Pardon me, I have been, and will continue to be, busy with creative projects toward an upcoming wedding in the family. I did want to write something regarding Passover Eats, so I'm popping back in to to that now.
What makes something kosher, generally? There is a great deal of care and specificity that goes into preparing kosher food, other than mixing milk and meat. The spiritual aspects are to do with both kindness and conscientiousness. That's really all I want to post about it, because if I post, for example, a list of what one would need to do to make a blueberry/strawberry cobbler, I would be stressing the wrong thing. If you care, you can certainly find that information on the internet or in person. Also, there's a whole lot I don't know, and I don't want to present myself as an expert.
First, let me tell you that in my day to day eating, I'm semi-kosher, fully vegetarian, moving toward vegan. At home I eat kosher. Out and about... well.. there are times you need to eat something from whatever is presented, not kosher, to keep the energy from tanking (even turning downright nasty) amongst those you're with. That's life in the Diaspora, it's just a fact. People understand vegetarian (usually) but they don't understand kosher. People in mixed office or social groups do not understand that if a person wants to eat kosher, that person does not necessarily think that they are better than you. Part of the confusion is due to the fact that there are those who eat kosher who DO think that way. So I'll state my own case: Eating kosher is an energy thing. If eating kosher does not increase positive energy, decreasing negative energy, then there is little or no point to it.
And now for something (almost) completely different- "kosher for Passover". For fun, here are a few basic things.
Anything that is kosher for Passover is kosher throughout the year, but not the other way around.

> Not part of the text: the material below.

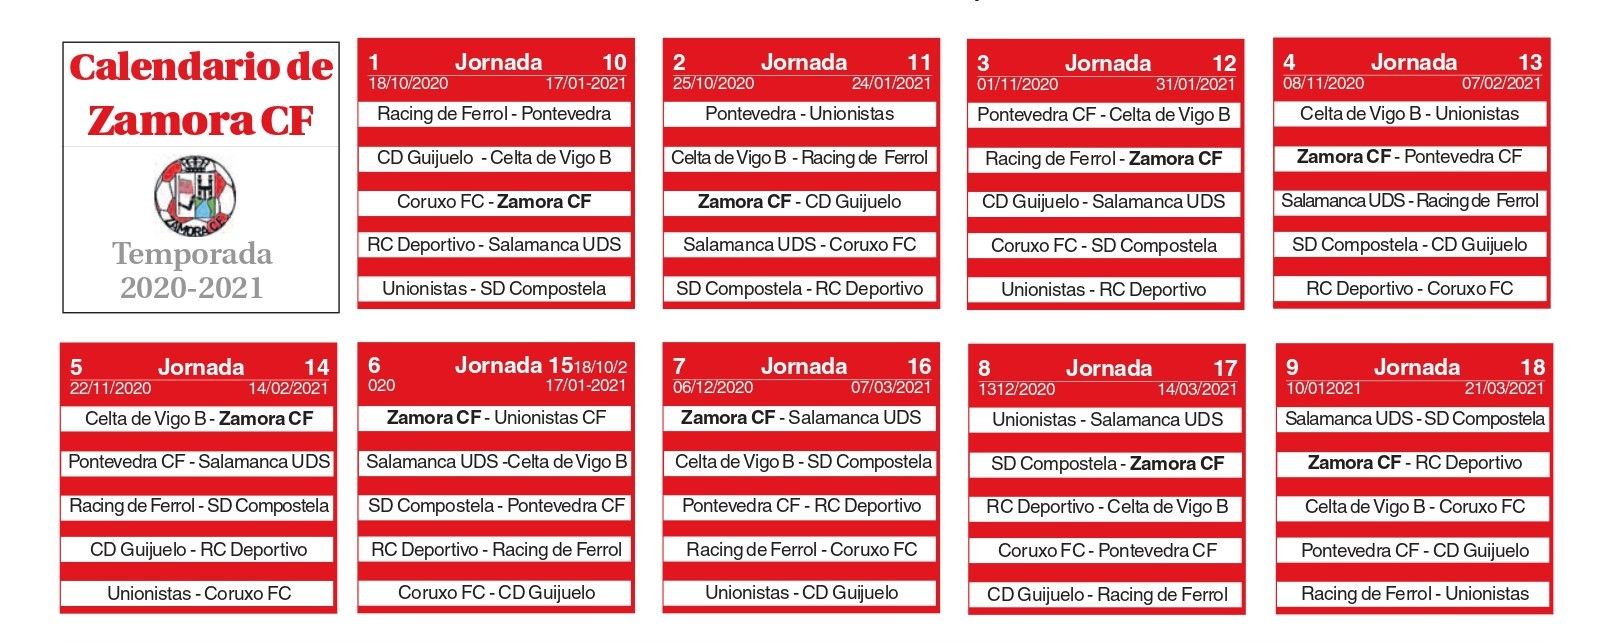 Calendario del Zamora CF 2020/2021 en Segunda B.
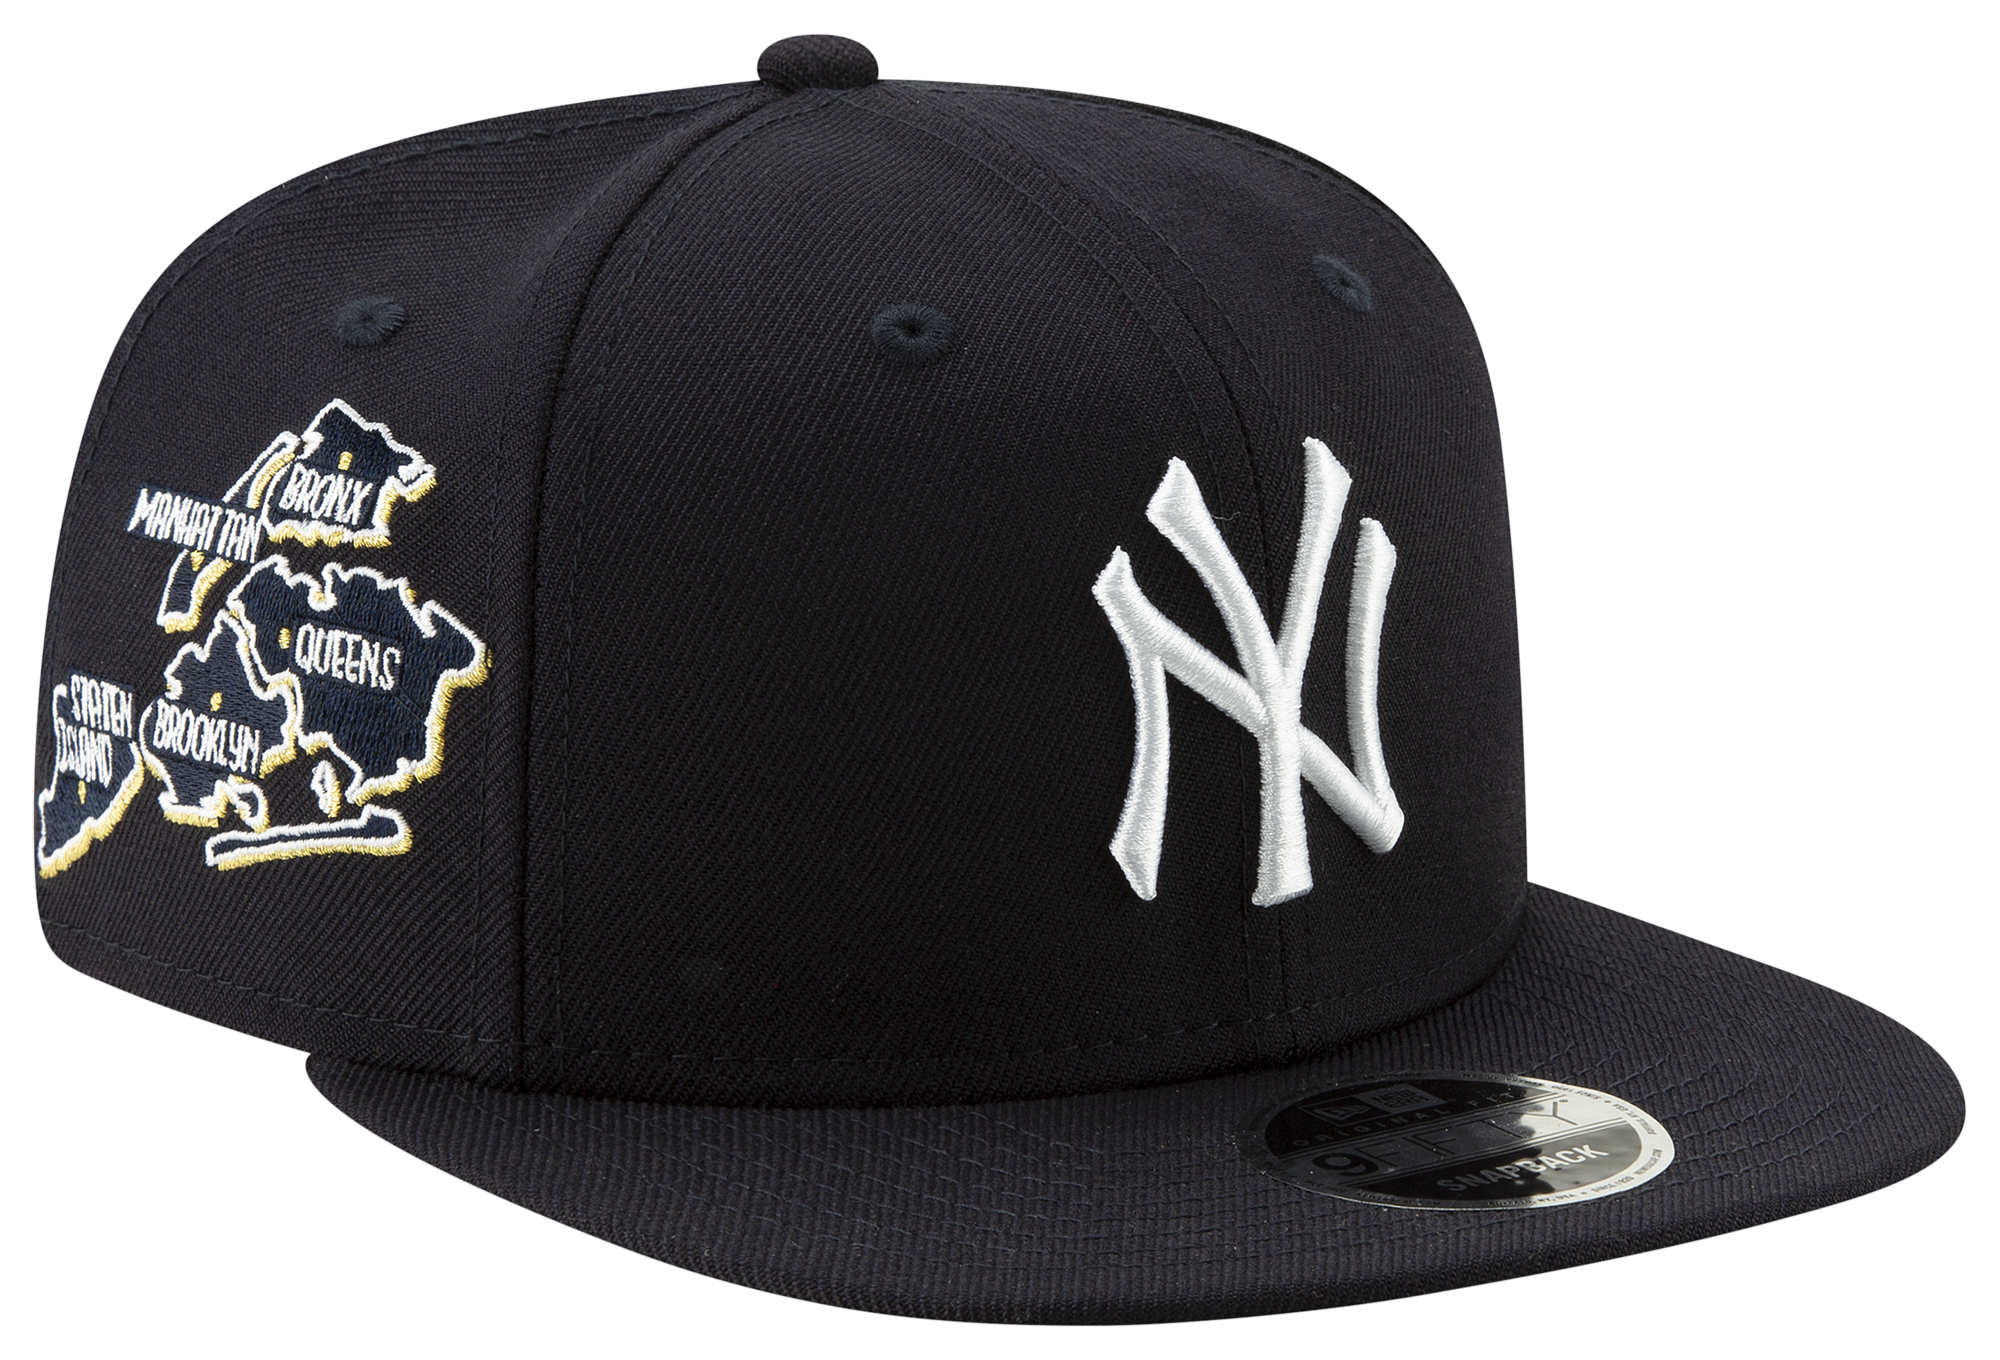 New Era Yankees 9Fifty Icon Snapback Cap

Any prepackaged kosher food has what's called a hechsher - a little symbol that indicates by its design which group of Rabbi's approved it as kosher. You could think of the different symbols that car companies have, it's similar. The same way that you can look at the back of a car & know who made it, you can know by looking at a pre packaged food item who said it was kosher. Reputation of the organization plays a part, and you wouldn't assume something was kosher just because it said so (think Kosher Dill). If the particular symbol isn't known to you, it can easily be looked up. The point of me telling you that is to tell you this simple thing- a packaged food item that is kosher for Passover will have that symbol (a hechsher) with a large P next to it. To complicate matters further, there is one group who will eat legumes (a large classification) on Passover and the other will not. MY shopping process is, pick up the package with the P- then read the ingredients.
As I have formerly described myself as semi-kosher, let me write now that I am very strict with what I will consume on Passover. I'll also tell you that I was extremely skeptical in the beginning that what I ate would make a difference at all. Mind over matter, right? Consciousness, right? What I have found through my own experience, at least for me, is that it completely does.
Eating on Passover is about dialing down the ego energy of existing as a human on the planet. It is root vegetables, bread that was prepared in such a way that it would not swell or rise, and other foods that do not expand, or have expansive energy. That's all that is consumed, even come in contact with, for eight days. For me, much like Shabbat, I didn't find out its effect until I I did it completely, no cheating. At the end of the holiday, I usually want it to keep going! A few times I have actually extended it by a few days, though not completely. Once, I didn't eat chametz until the following morning, and then it was only coffee WITH creamer.
Eating kosher for Passover, after preparing by cleaning has been the most powerfully aligning meditative process for me to date. There are so many others, I'm not sure why I don't feel as buckled in to them. Perhaps more study- oh, certainly more study would lead to a more solid spiritual adhesion. Also, Passover and the preparation are a highly active process, so it pulls me out of my intellect, and over-thinking. You see, out of my intellect is not where I prefer to be!
By the way, that soap I posted before, the mauve-ish one is still quite soft. The other loaf I poured is still soft too, but seems to be coming along nicely (pictured)!